Indian economist and academic

Vasireddy Sri Krishna shortly V. S. Krishna (8 October 1902 – 16 February 1961), was an educationist and economist. He was the Vice Chancellor of Andhra University in Visakhapatnam, India.

== Early life and education ==
Krishna was born to Sriramulu and Veeramma at Pedapalem village in Tenali taluk in Andhra Pradesh, India. He studied in Oxford University, London in Economics and obtained his B.A. in 1929. He did his Ph.D. from Vienna University.

== Career ==
He joined Andhra University in 1932 as lecturer in economics. He Ph.D. from Vienna University was on gold standardization. Later, he joined back in the university as Warden, Registrar and head of newly established Economics department.

In 1949, he was elected as Vice chancellor by the university senate. He held this position for 11 years till 1961 and worked hard in the various developmental activities of the university. He developed the university library which was later named as Dr. V. S. Krishna Library.

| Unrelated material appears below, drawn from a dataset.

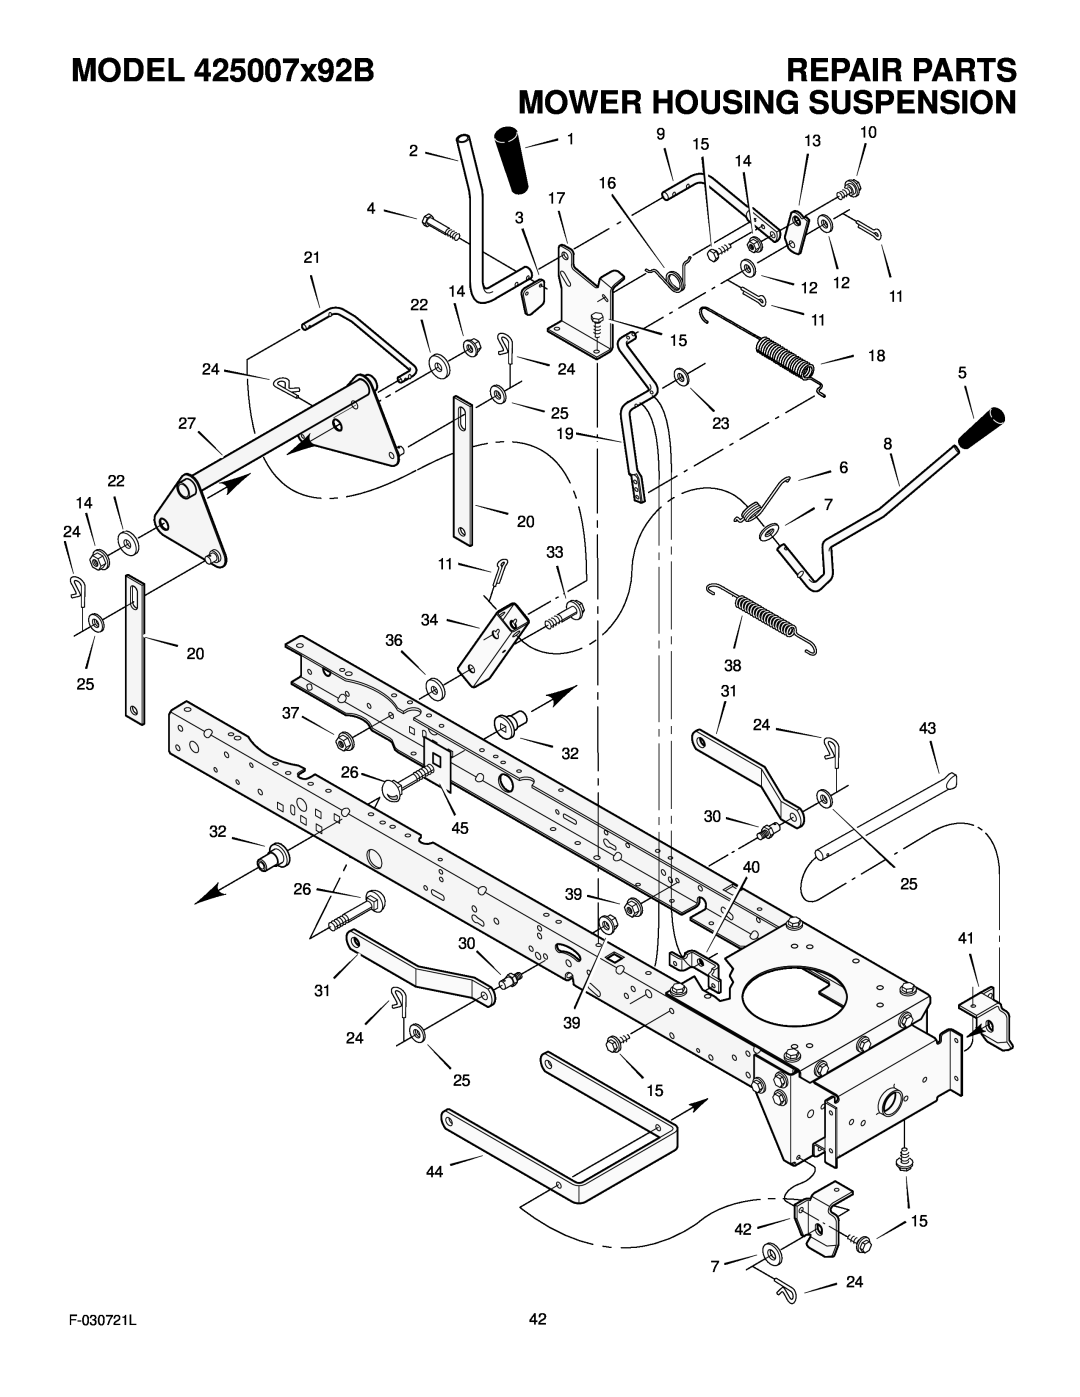 Murray manual Repair Parts Mower Housing Suspension, MODEL 425007x92B, F-030721L

In 1957, he was elected as president of Inter University Board of India. He was the fifth chairman of University Grants Commission (India) in 1961 and died during the same period.

In 1968, a government degree college was started in Visakhapatnam in his name. Dr V. S. Krishna Government Degree College is an autonomous institution affiliated to Andhra University offers both graduate and post graduate courses.